*WHAT IS BEING ASKED*:
Would you retype exactly the lines below, starting with the one that has "Магазин подарков в" and going on through the one that has "Mayors Platinum 0.70ct", with no pictures and nothing else?

*RECORDED INFORMATION*:
★ ★ ★ ★

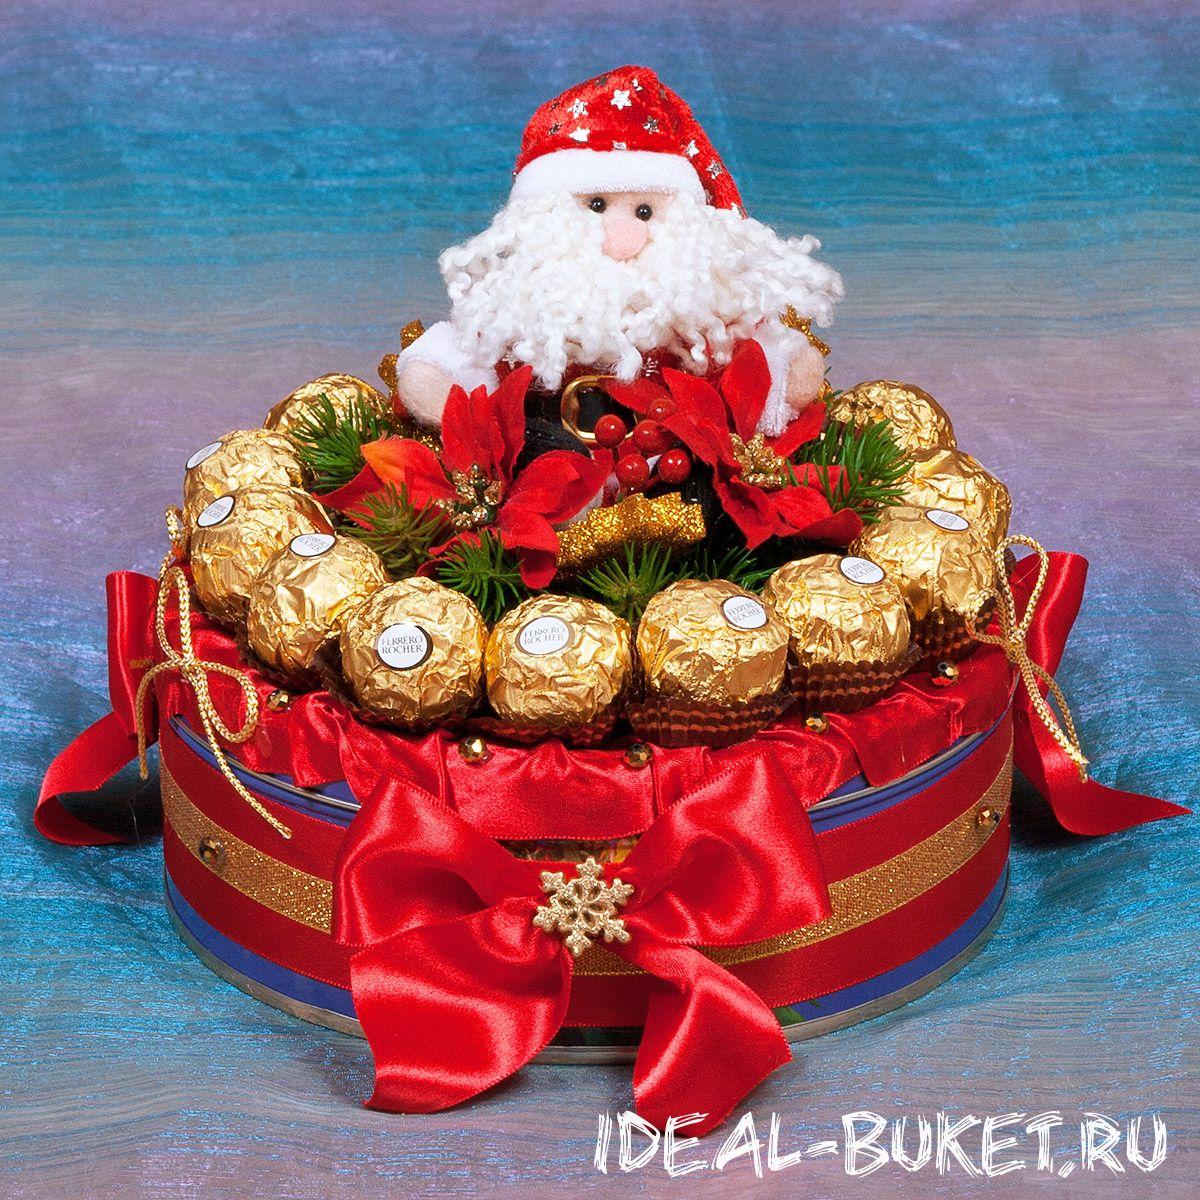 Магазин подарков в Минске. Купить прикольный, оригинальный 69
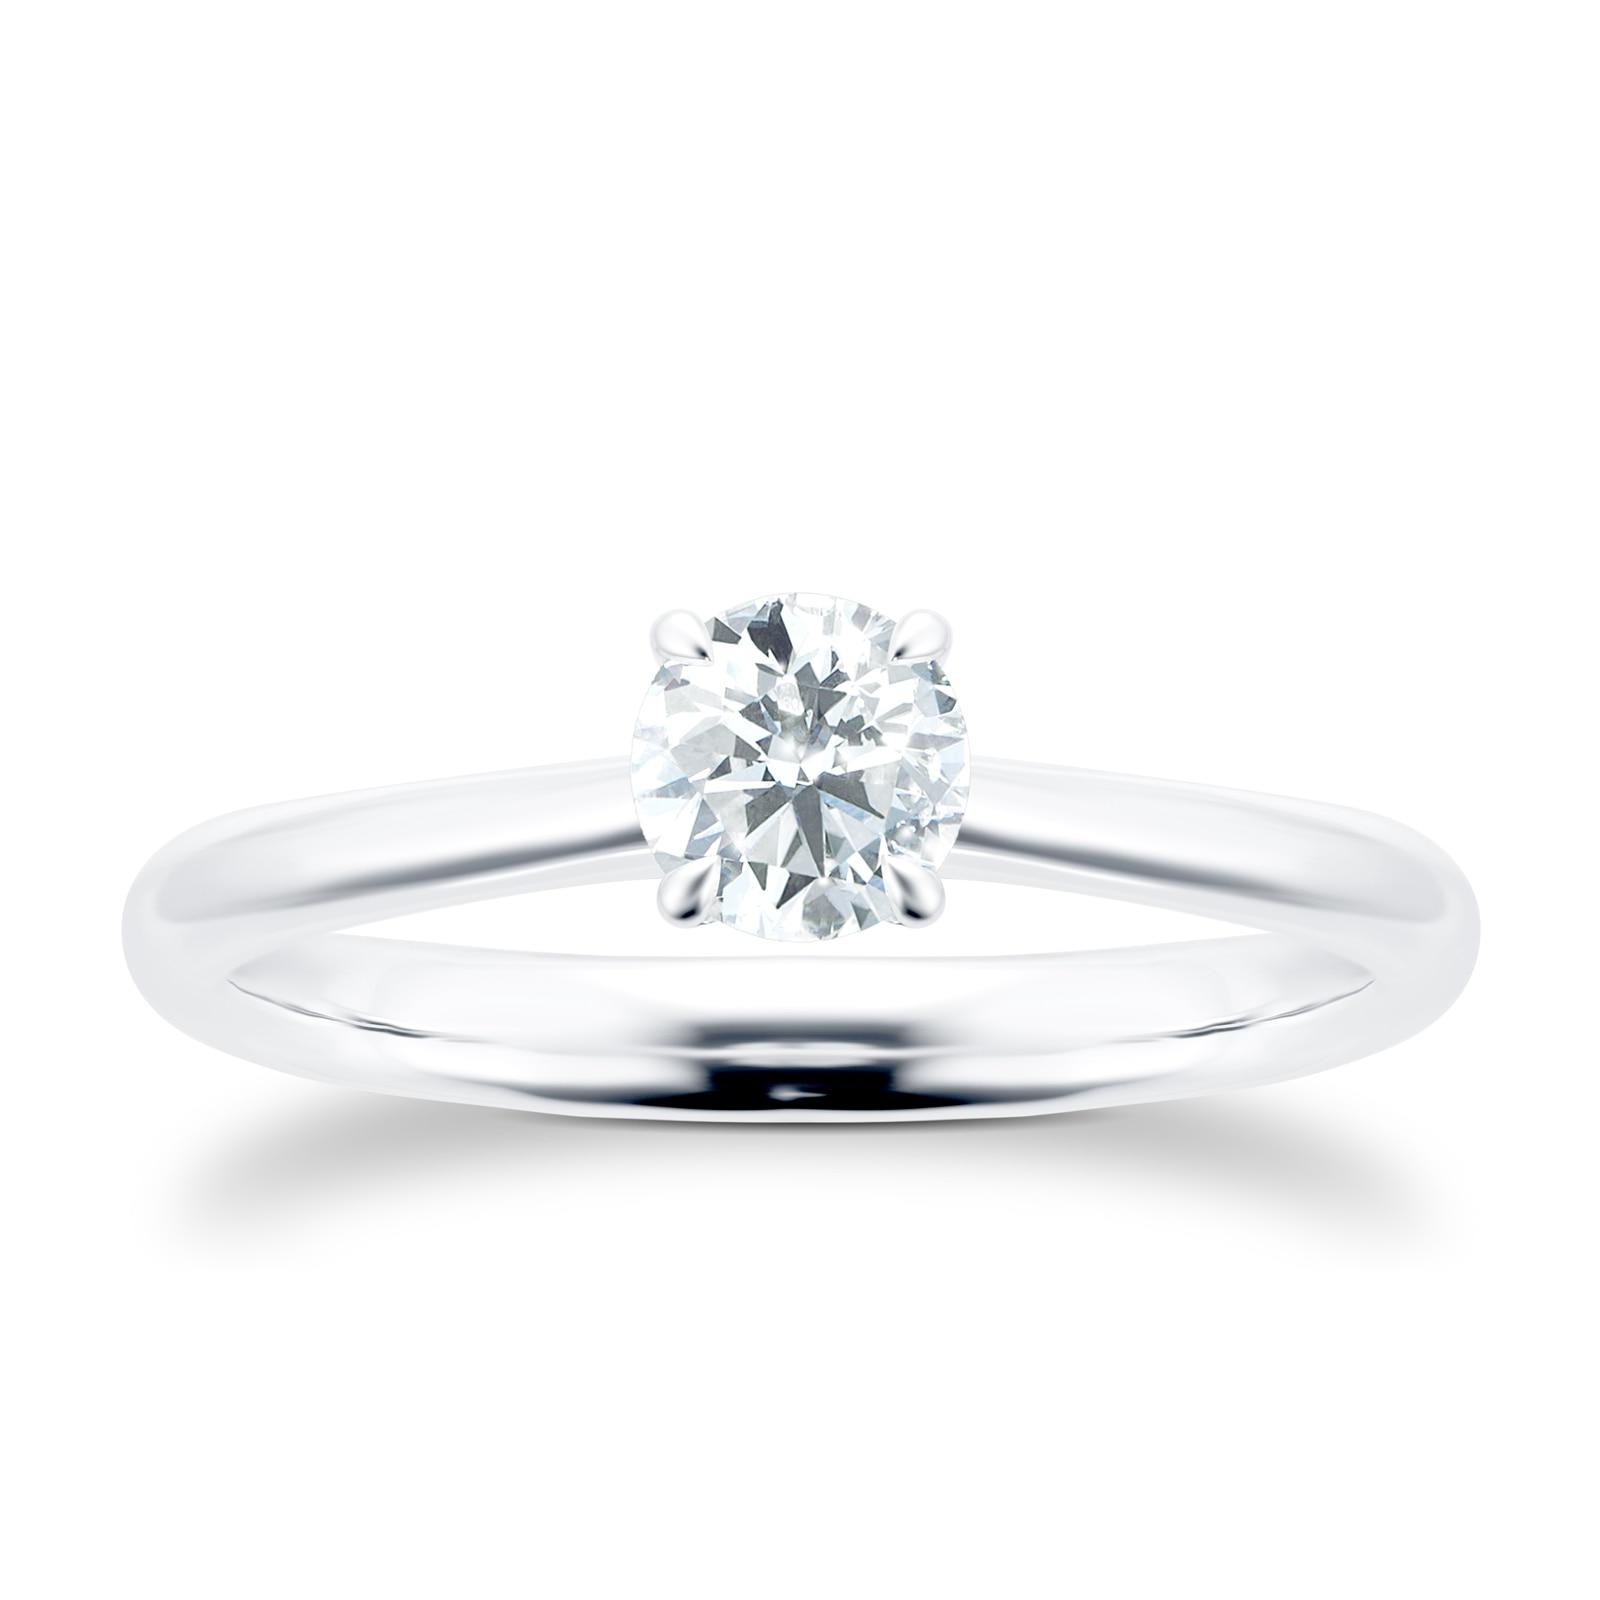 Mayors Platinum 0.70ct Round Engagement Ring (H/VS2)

★ ★ ★ ★

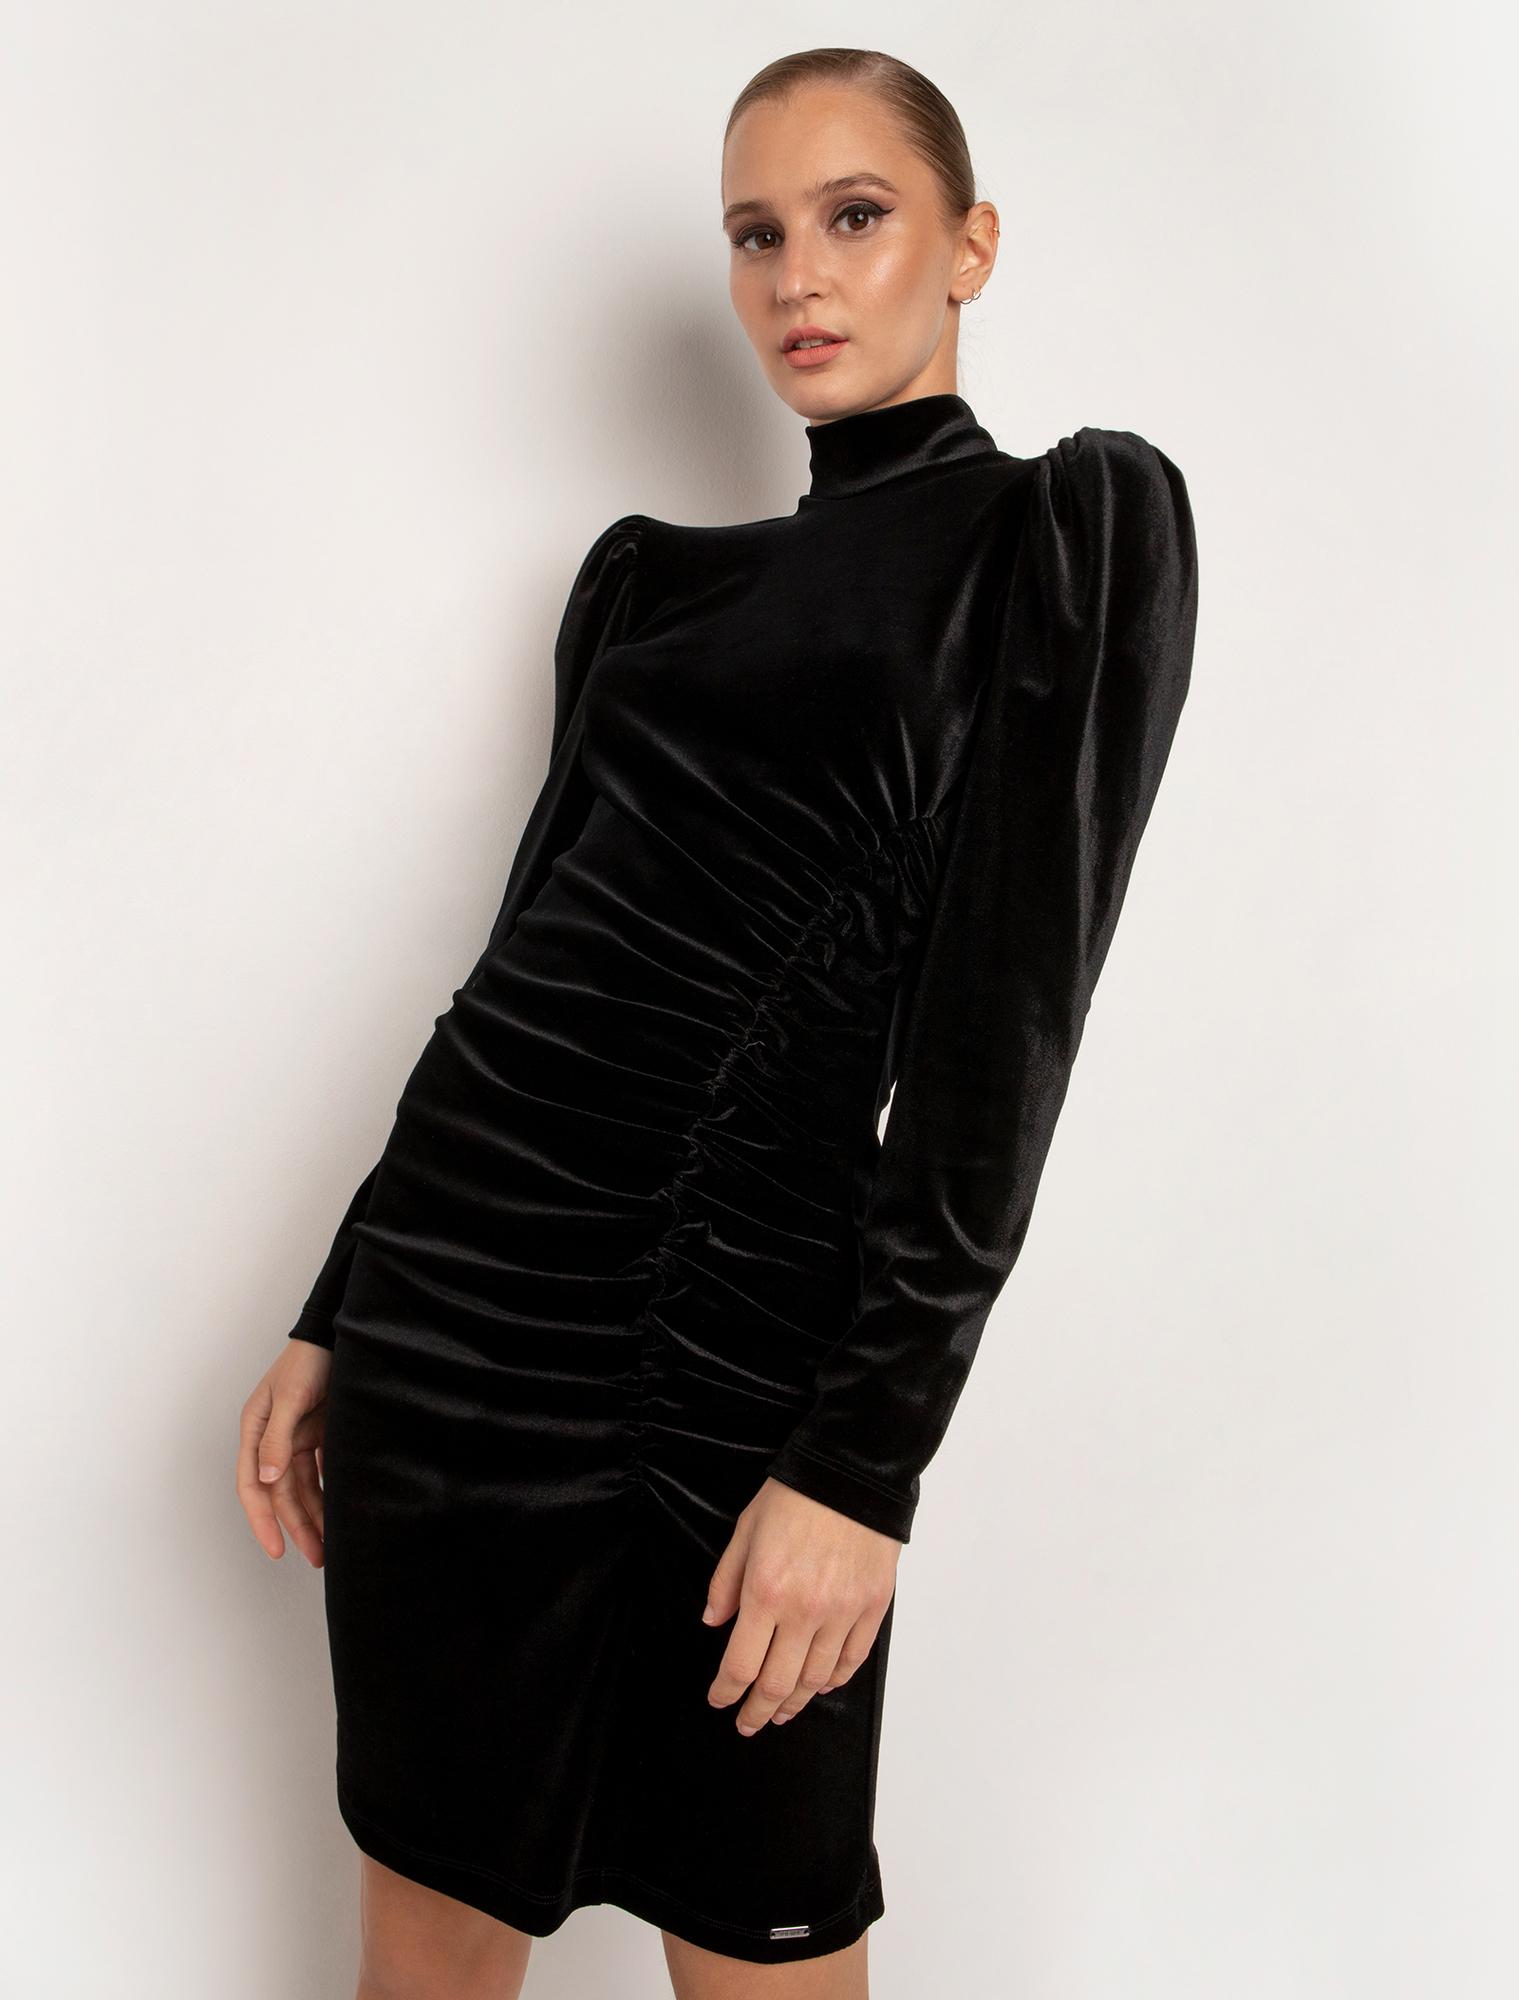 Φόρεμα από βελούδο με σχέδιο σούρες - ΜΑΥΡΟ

★ ★ ★ ★

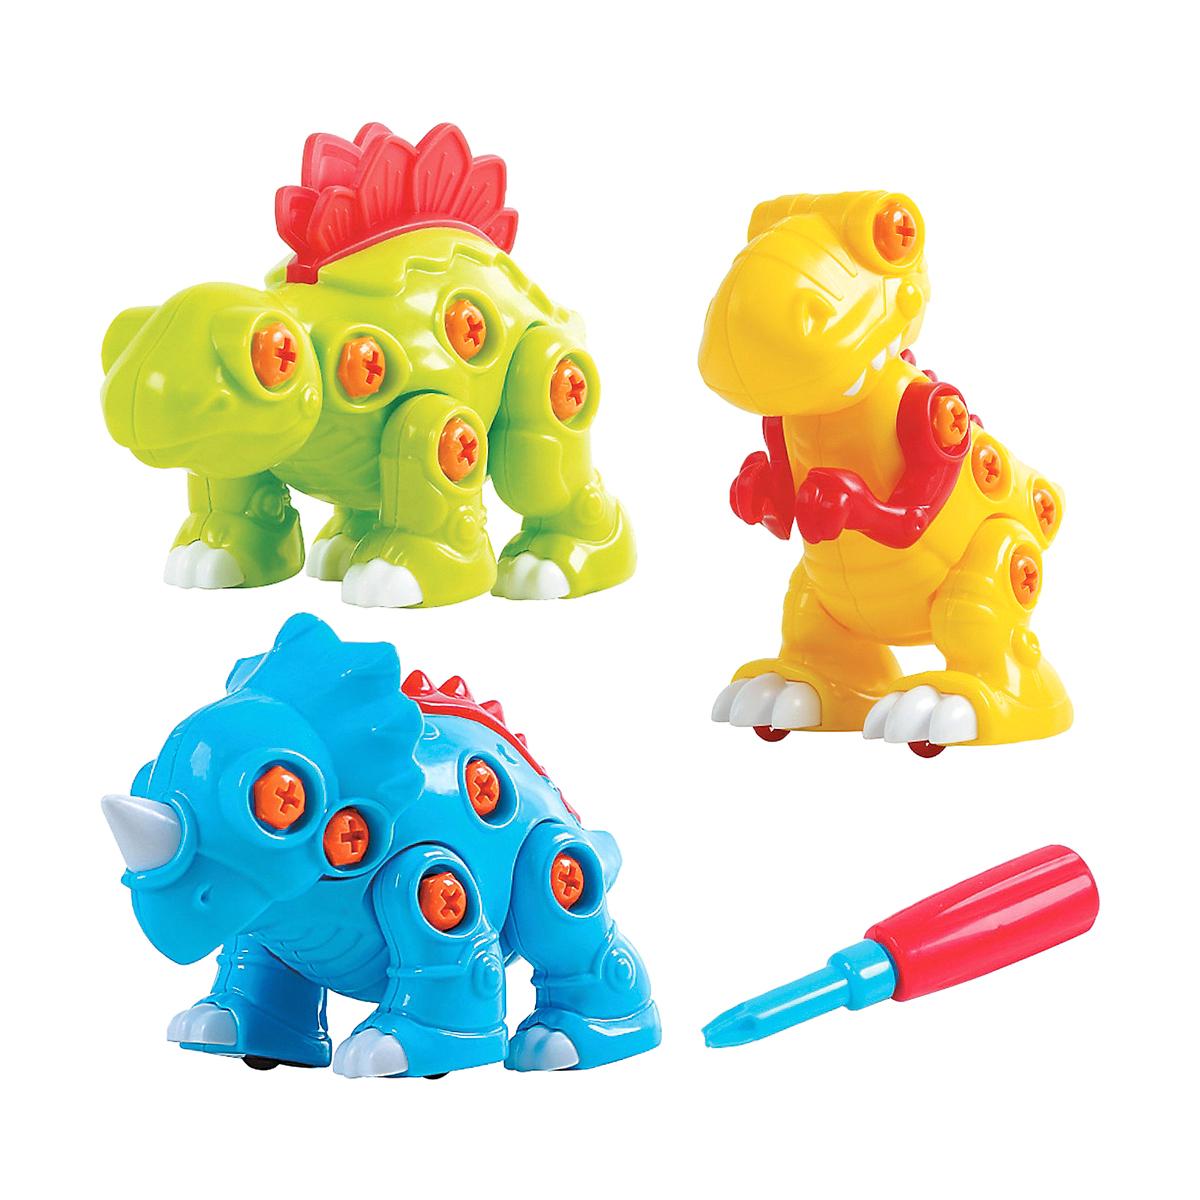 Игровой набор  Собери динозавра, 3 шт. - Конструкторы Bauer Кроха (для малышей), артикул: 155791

★ ★ ★ ★

*RESPONSE BOX*:
 Магазин подарков в Минске. Купить прикольный, оригинальный 69
 Mayors Platinum 0.70ct Round Engagement Ring (H/VS2)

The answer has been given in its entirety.